§ **Task to carry out**
Write out each line of the material exactly as given, and drop the images.

§ **Information provided**
>>
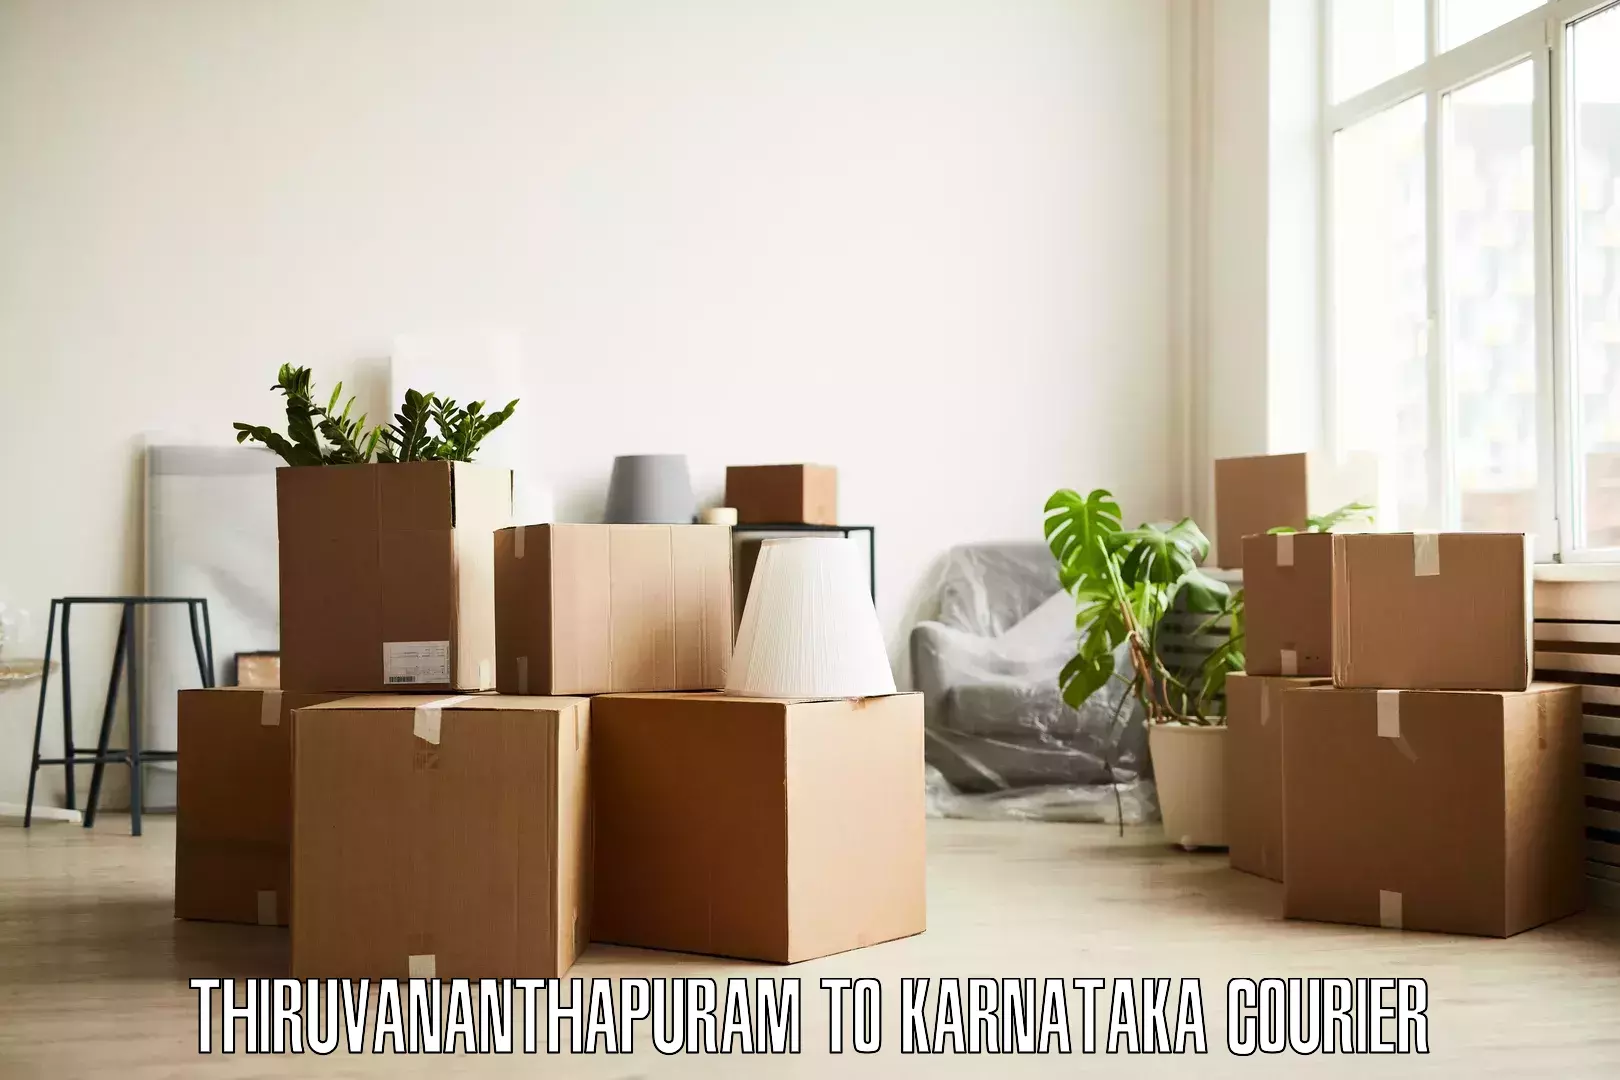 Professional furniture movers Thiruvananthapuram to Piriyapatna
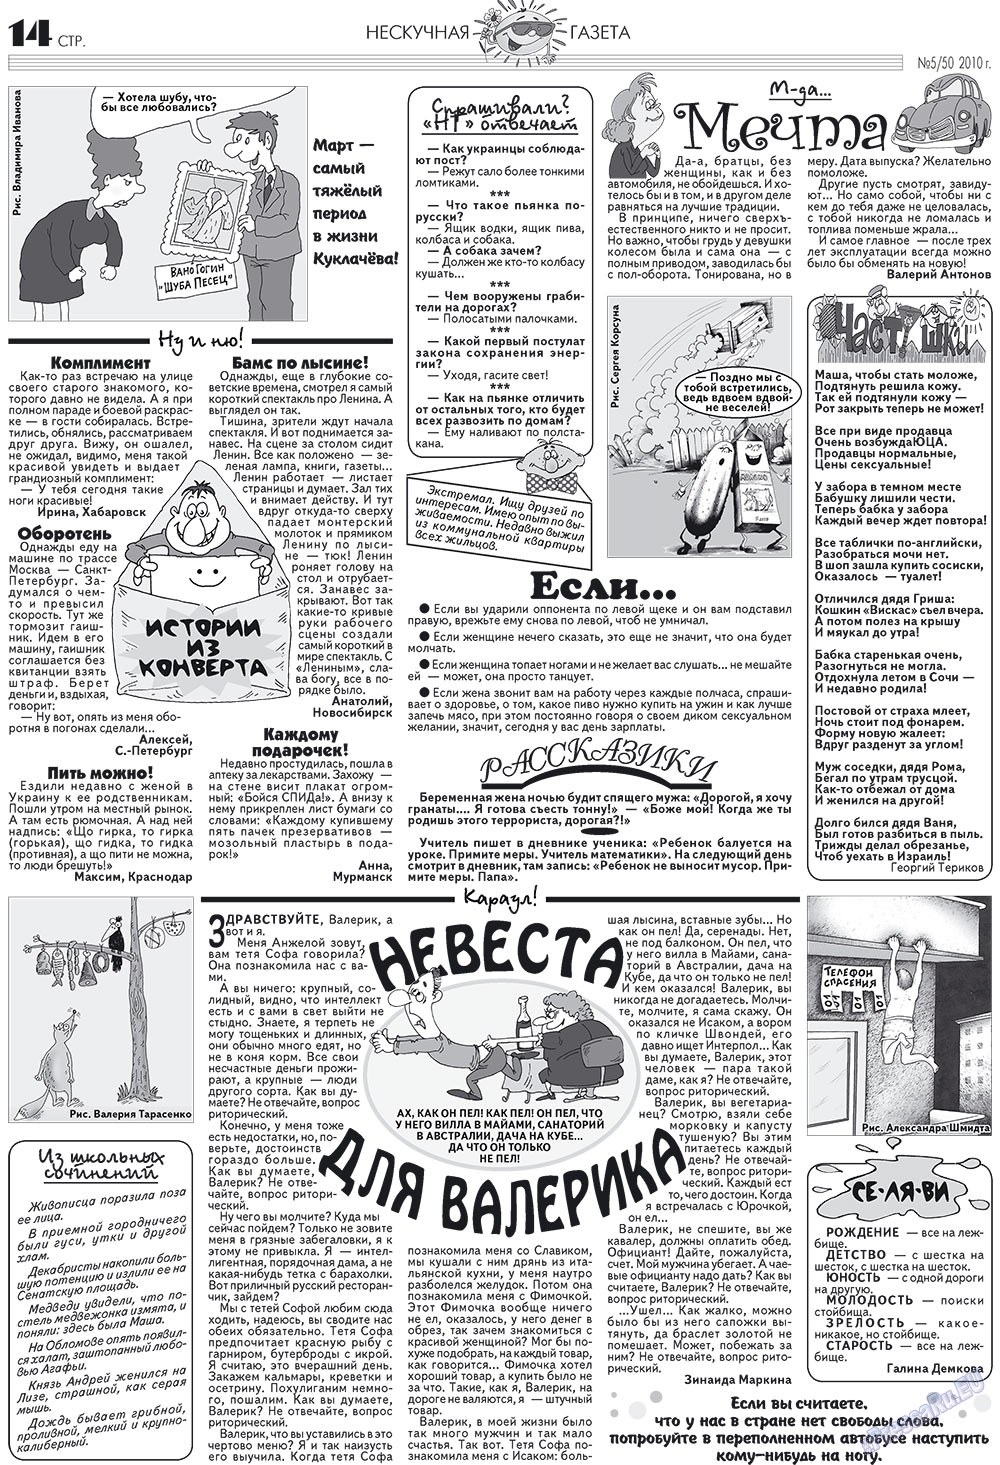 Нескучная газета, журнал. 2010 №5 стр.14
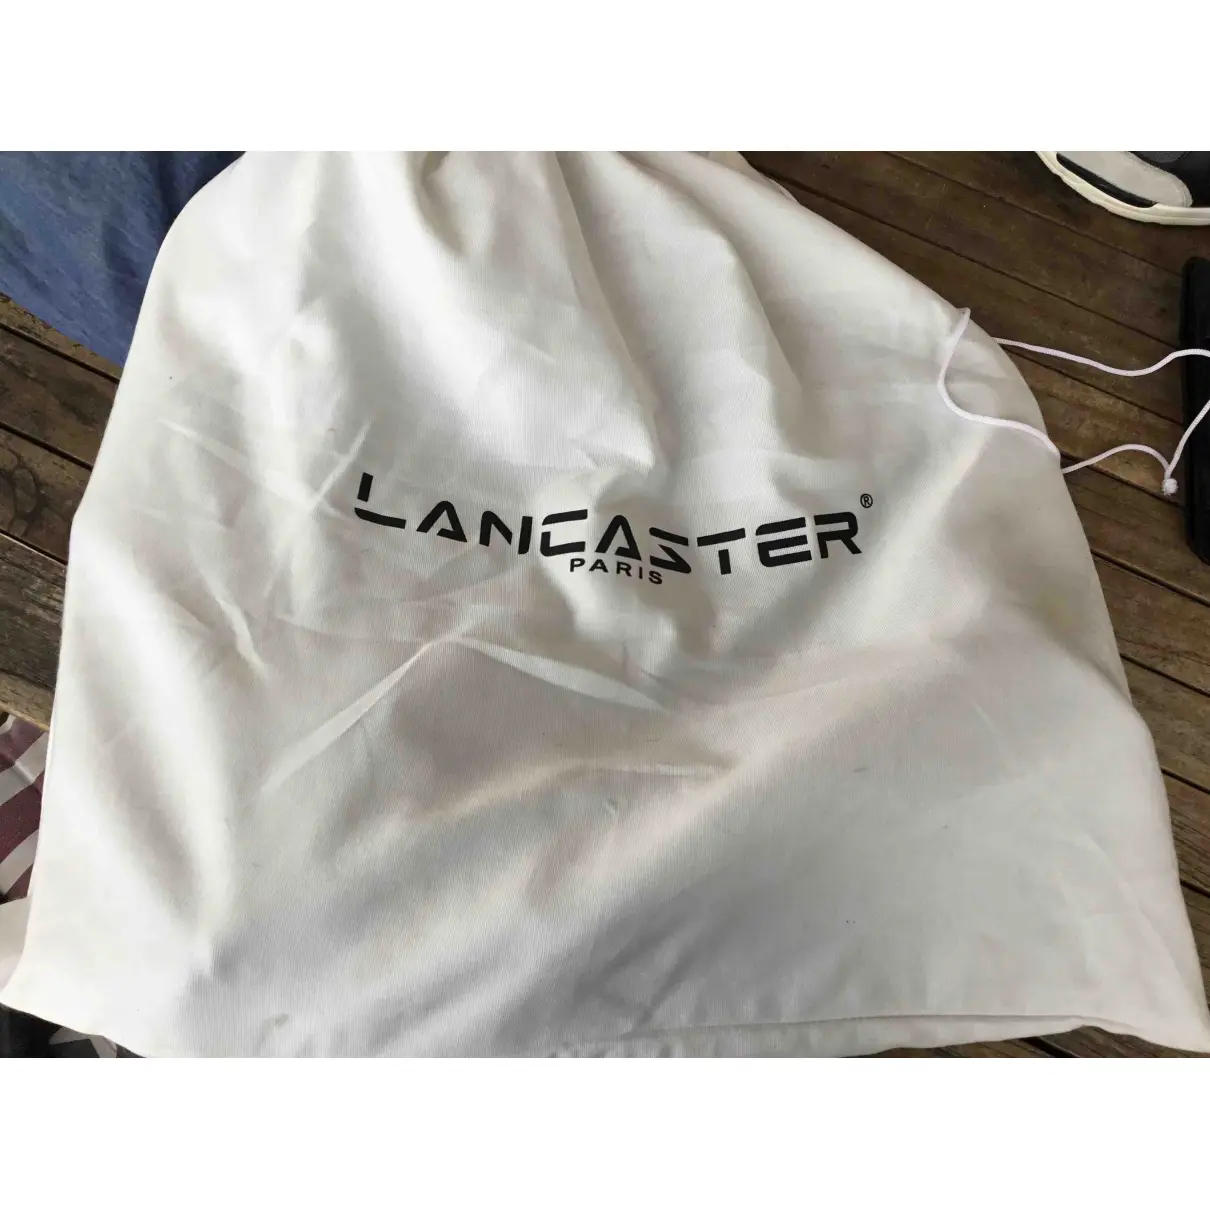 Leather satchel Lancaster
<<
§ **Written answer**
 Professional furniture movers Thiruvananthapuram to Piriyapatna
 Нескучная газета, журнал. 2010 №5 стр.14
 Leather satchel Lancaster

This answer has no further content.